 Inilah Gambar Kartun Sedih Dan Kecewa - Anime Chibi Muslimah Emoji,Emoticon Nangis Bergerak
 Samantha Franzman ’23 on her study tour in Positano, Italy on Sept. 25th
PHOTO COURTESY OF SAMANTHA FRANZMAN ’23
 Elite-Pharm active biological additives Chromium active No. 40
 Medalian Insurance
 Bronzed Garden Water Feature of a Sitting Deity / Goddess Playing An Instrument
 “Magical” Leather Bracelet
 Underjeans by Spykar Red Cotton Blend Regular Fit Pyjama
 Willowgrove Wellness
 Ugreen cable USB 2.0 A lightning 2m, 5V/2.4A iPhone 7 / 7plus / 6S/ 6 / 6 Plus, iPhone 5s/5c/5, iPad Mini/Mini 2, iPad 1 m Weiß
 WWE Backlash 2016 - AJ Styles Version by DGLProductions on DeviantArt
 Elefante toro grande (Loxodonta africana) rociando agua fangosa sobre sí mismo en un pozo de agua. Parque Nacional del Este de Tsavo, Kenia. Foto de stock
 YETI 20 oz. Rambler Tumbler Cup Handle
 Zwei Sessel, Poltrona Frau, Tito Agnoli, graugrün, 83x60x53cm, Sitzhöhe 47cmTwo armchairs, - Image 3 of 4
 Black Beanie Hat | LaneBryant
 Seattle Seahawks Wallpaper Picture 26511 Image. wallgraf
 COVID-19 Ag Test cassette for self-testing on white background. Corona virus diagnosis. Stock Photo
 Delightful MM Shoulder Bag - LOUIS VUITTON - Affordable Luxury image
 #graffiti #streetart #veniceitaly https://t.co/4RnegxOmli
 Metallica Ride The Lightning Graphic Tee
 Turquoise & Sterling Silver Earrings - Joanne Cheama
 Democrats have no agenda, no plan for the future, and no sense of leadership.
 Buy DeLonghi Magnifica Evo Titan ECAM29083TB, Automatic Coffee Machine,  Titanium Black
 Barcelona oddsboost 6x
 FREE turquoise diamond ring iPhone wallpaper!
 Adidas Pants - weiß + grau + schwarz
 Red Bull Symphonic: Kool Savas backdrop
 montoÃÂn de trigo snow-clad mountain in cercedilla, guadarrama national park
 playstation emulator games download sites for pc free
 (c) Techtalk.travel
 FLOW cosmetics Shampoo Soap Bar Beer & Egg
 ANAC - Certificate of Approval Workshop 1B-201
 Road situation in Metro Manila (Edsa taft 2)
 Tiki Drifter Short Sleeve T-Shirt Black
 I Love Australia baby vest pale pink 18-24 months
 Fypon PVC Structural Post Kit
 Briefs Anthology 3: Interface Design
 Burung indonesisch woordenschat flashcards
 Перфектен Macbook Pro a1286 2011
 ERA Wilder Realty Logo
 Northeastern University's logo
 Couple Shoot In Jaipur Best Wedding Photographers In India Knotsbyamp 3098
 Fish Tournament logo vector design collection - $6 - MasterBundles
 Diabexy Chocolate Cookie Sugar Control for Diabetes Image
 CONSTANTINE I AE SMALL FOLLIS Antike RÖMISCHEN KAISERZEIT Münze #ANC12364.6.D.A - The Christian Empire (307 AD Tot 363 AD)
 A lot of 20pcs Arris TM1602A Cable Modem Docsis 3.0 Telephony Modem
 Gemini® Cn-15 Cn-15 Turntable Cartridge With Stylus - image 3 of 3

####################

## Task description:
Among the entries above, locate the lines containing "Elite-Pharm active biological" and "montoÃÂn de trigo", and transcribe exactly those two lines and all lines between.

## Problem solution:
 Elite-Pharm active biological additives Chromium active No. 40
 Medalian Insurance
 Bronzed Garden Water Feature of a Sitting Deity / Goddess Playing An Instrument
 “Magical” Leather Bracelet
 Underjeans by Spykar Red Cotton Blend Regular Fit Pyjama
 Willowgrove Wellness
 Ugreen cable USB 2.0 A lightning 2m, 5V/2.4A iPhone 7 / 7plus / 6S/ 6 / 6 Plus, iPhone 5s/5c/5, iPad Mini/Mini 2, iPad 1 m Weiß
 WWE Backlash 2016 - AJ Styles Version by DGLProductions on DeviantArt
 Elefante toro grande (Loxodonta africana) rociando agua fangosa sobre sí mismo en un pozo de agua. Parque Nacional del Este de Tsavo, Kenia. Foto de stock
 YETI 20 oz. Rambler Tumbler Cup Handle
 Zwei Sessel, Poltrona Frau, Tito Agnoli, graugrün, 83x60x53cm, Sitzhöhe 47cmTwo armchairs, - Image 3 of 4
 Black Beanie Hat | LaneBryant
 Seattle Seahawks Wallpaper Picture 26511 Image. wallgraf
 COVID-19 Ag Test cassette for self-testing on white background. Corona virus diagnosis. Stock Photo
 Delightful MM Shoulder Bag - LOUIS VUITTON - Affordable Luxury image
 #graffiti #streetart #veniceitaly https://t.co/4RnegxOmli
 Metallica Ride The Lightning Graphic Tee
 Turquoise & Sterling Silver Earrings - Joanne Cheama
 Democrats have no agenda, no plan for the future, and no sense of leadership.
 Buy DeLonghi Magnifica Evo Titan ECAM29083TB, Automatic Coffee Machine,  Titanium Black
 Barcelona oddsboost 6x
 FREE turquoise diamond ring iPhone wallpaper!
 Adidas Pants - weiß + grau + schwarz
 Red Bull Symphonic: Kool Savas backdrop
 montoÃÂn de trigo snow-clad mountain in cercedilla, guadarrama national park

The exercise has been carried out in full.